Amatol is a highly explosive material made from a mixture of TNT and ammonium nitrate. The British name originates from the words ammonium and toluene (the precursor of TNT). Similar mixtures (one part dinitronaphthalene and seven parts ammonium nitrate) were known as Schneiderite in France. Amatol was used extensively during World War I and World War II, typically as an explosive in military weapons such as aircraft bombs, shells, depth charges, and naval mines. It was eventually replaced with alternative explosives such as Composition B, Torpex, and Tritonal.

==Invention==
Following the Shell Crisis of 1915 in which the UK did not have enough ordnance due to a lack of explosives, a team at the Royal Arsenal laboratories produced a mixture of ammonium nitrate and TNT, known as Amatol for short. Special factories were constructed for the manufacture of ammonium nitrate by the double decomposition of sodium nitrate and ammonium sulfate in solution followed by evaporative concentration and crystallization. It became the standard filling for shells and bombs, and was later adopted by the US as their principal high explosive.

==Manufacture and use==
Amatol exploits synergy between TNT and ammonium nitrate. TNT has higher explosive velocity and brisance, but is deficient in oxygen. Oxygen deficiency causes black smoke residue from a pure TNT explosion. The oxygen surplus of ammonium nitrate increases the energy release of TNT during detonation. Depending on the ratio of ingredients used, amatol leaves a residue of white or grey smoke after detonation. Amatol has a lower explosive velocity and correspondingly lower brisance than TNT but is cheaper because of the lower cost of ammonium nitrate.

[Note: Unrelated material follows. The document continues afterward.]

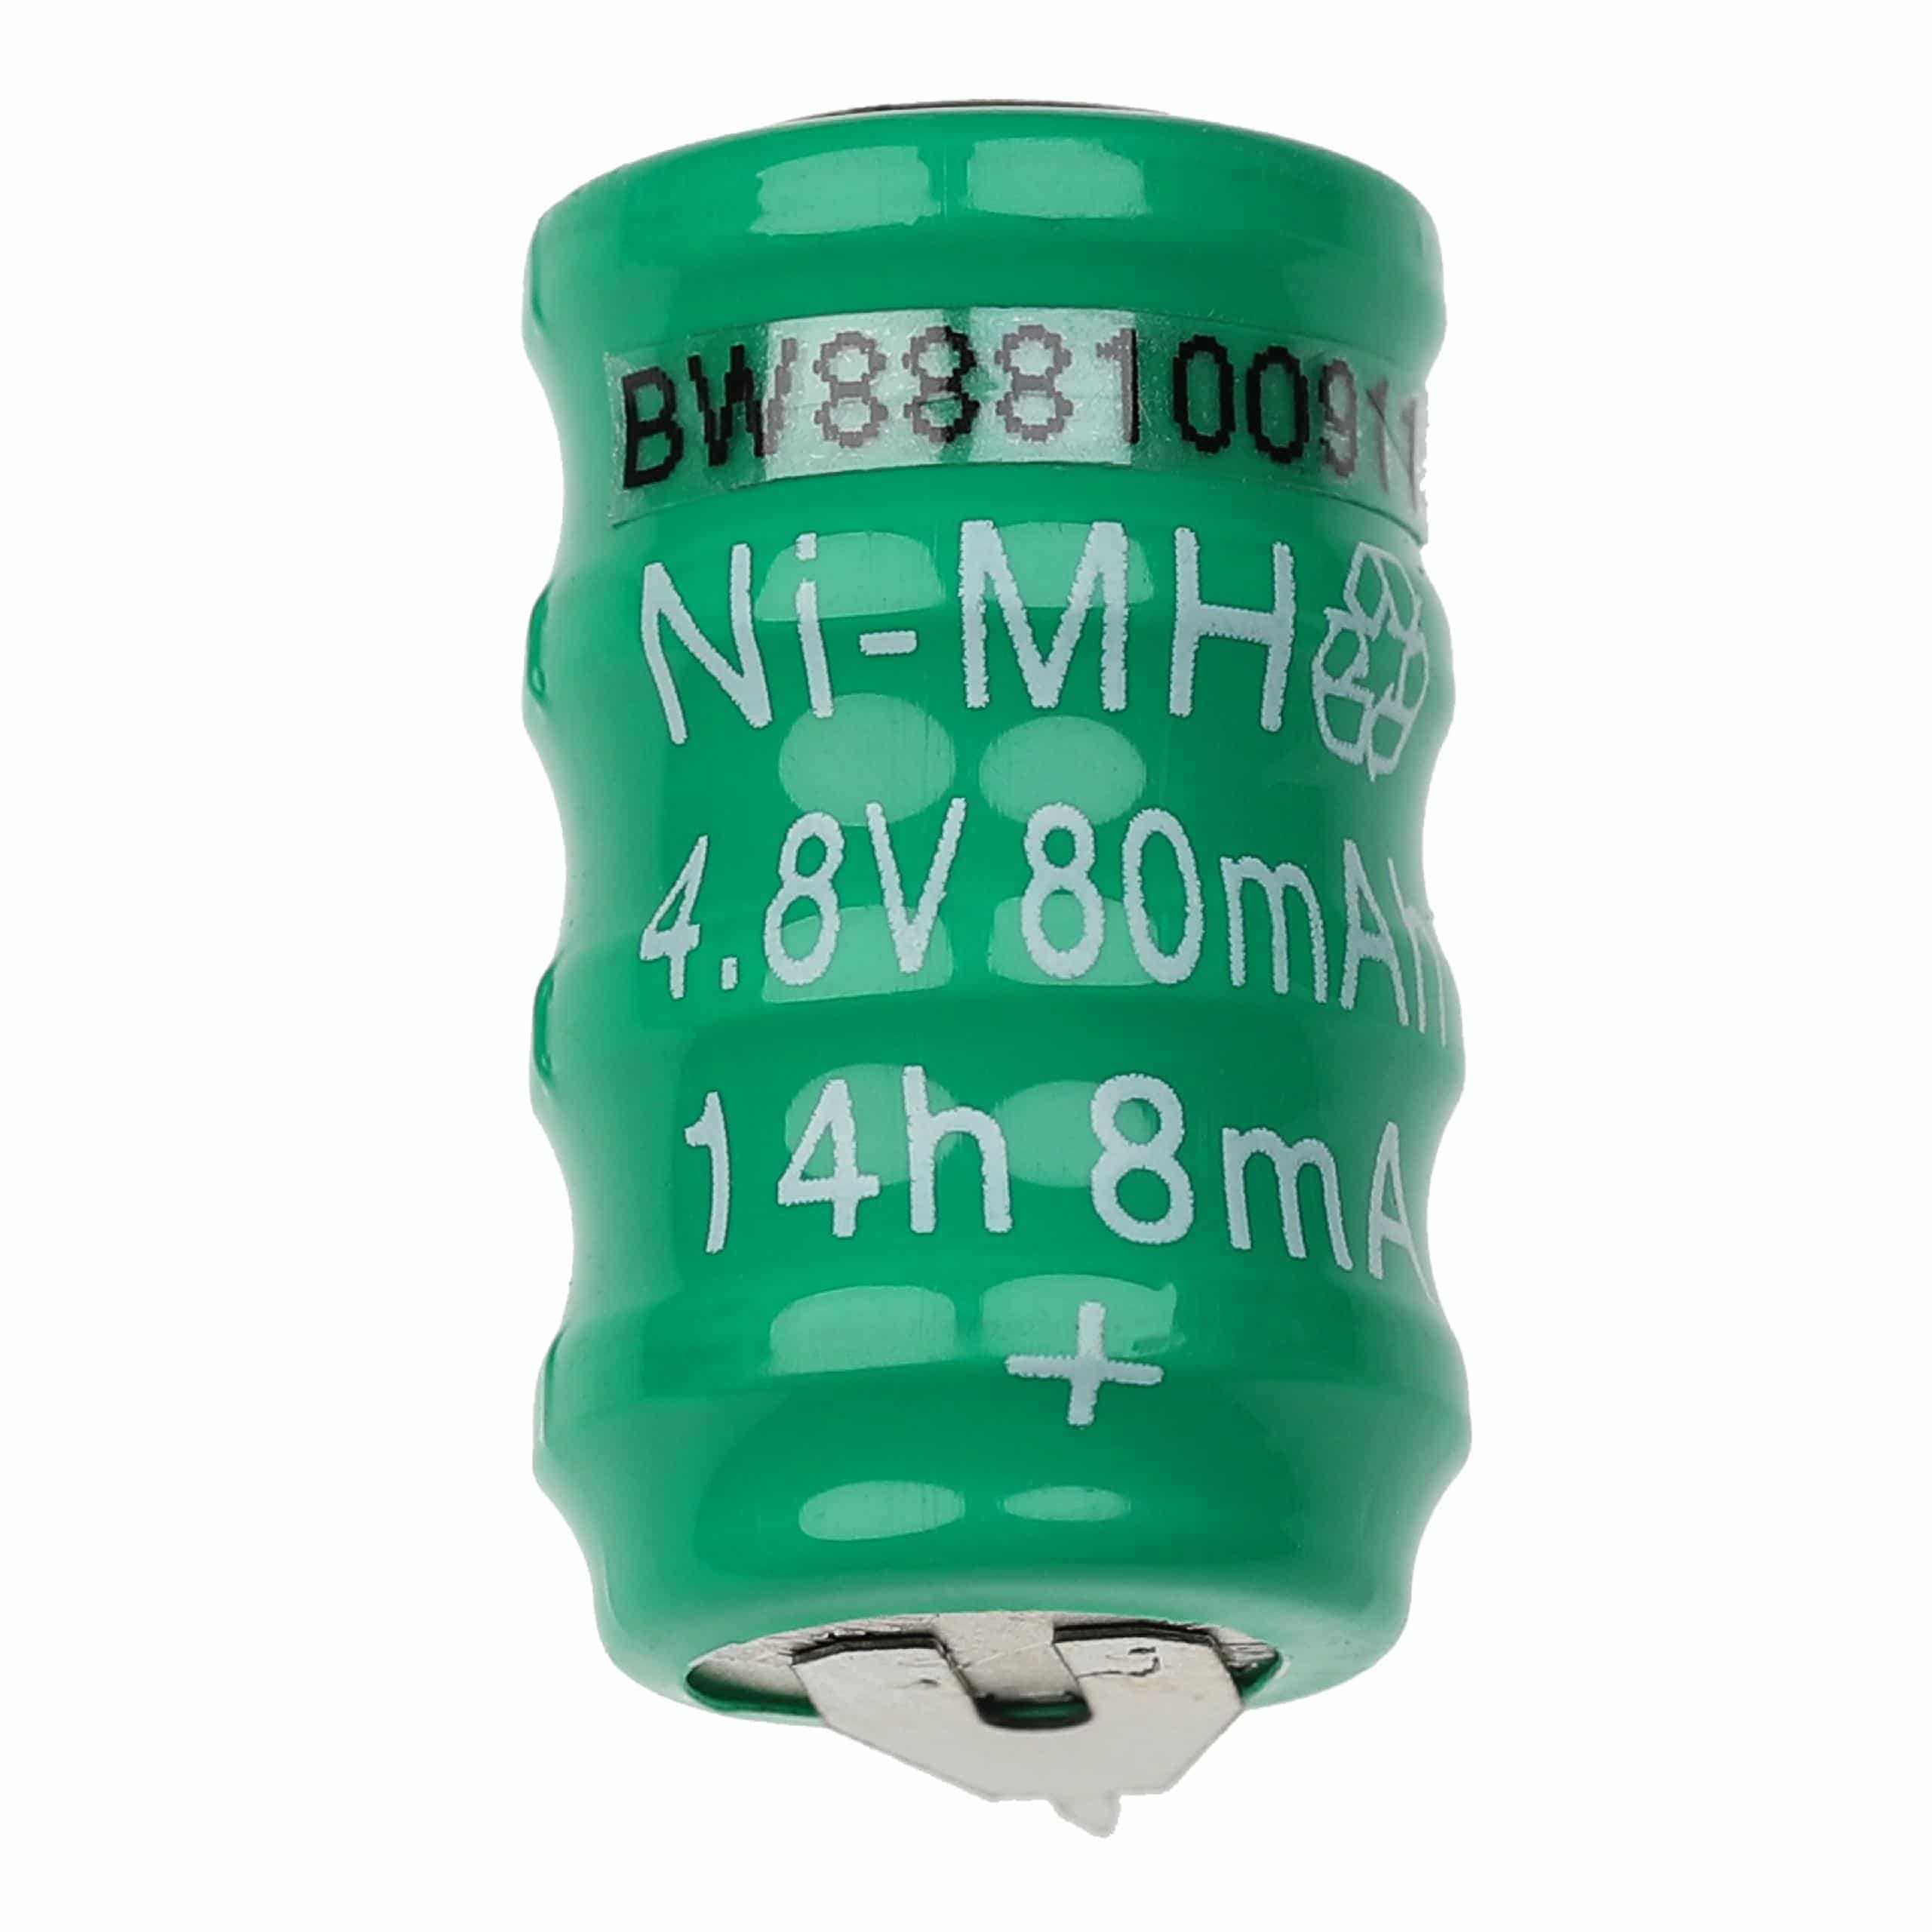 Batteria a bottone (4x cella) tipo V80H 2 pin sostituisce V80H per modellismo, luci solari ecc.

Amatol allowed supplies of TNT to be expanded considerably, with little reduction in the destructive power of the final product, so long as the amount of TNT in the mixture did not fall below 60%. For example, 6 tons of TNT mixed with 4 tons of ammonium nitrate would make 10 tons of high explosive, which had adequate performance for most military purposes. Mixtures containing as little as 20% TNT were for less demanding uses.

TNT is 50% deficient in oxygen. Amatol is oxygen balanced and is therefore more effective than pure TNT when exploding underground or underwater. Relatively unsophisticated cannery equipment can be adapted to amatol production. TNT is gently heated with steam or hot water until it melts, acquiring the physical characteristics of a syrup. Then the correct weight ratio of powdered ammonium nitrate is added and mixed in. Whilst this mixture is still in a molten state, it is poured into empty bomb casings and allowed to cool and solidify. The lowest grades of amatol could not be produced by casting molten TNT. Instead, flaked TNT was thoroughly mixed with powdered ammonium nitrate and then compressed or extruded.

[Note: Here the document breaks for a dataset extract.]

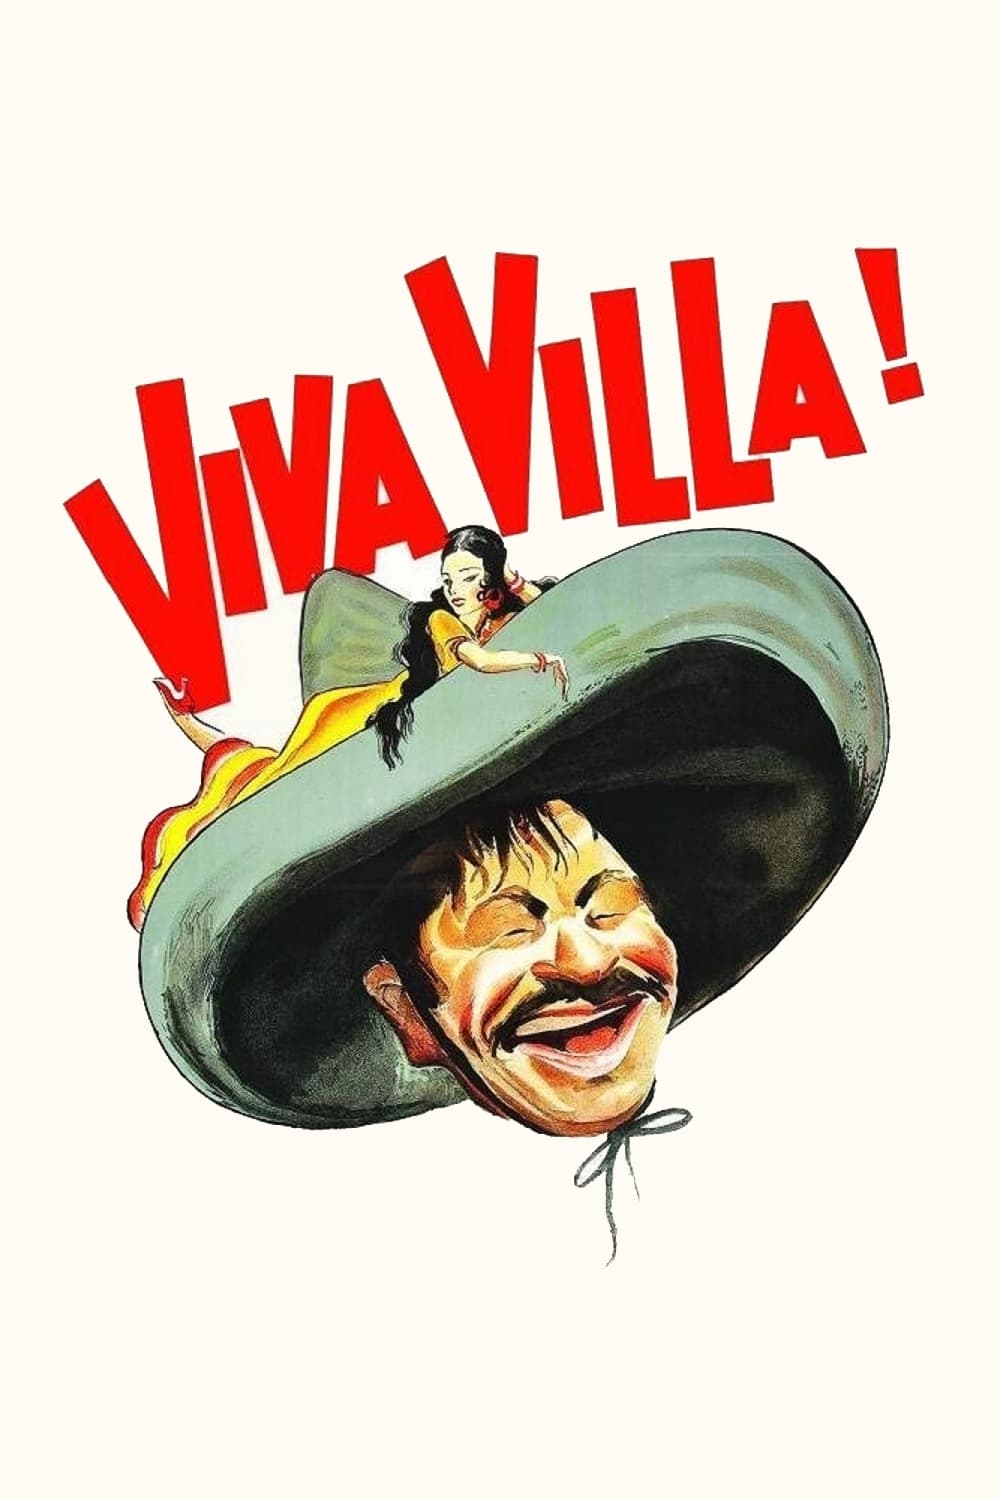 Viva Villa!

Amatol ranges from off-white to slightly yellow or pinkish brown depending on the mixture used, and remains soft for long periods of storage. It is hygroscopic, which complicates long-term storage. To prevent moisture problems, amatol charges were coated with a thin layer of pure molten TNT or alternatively bitumen. Long-term storage was rare during wars because munitions charged with amatol were generally used soon after manufacture.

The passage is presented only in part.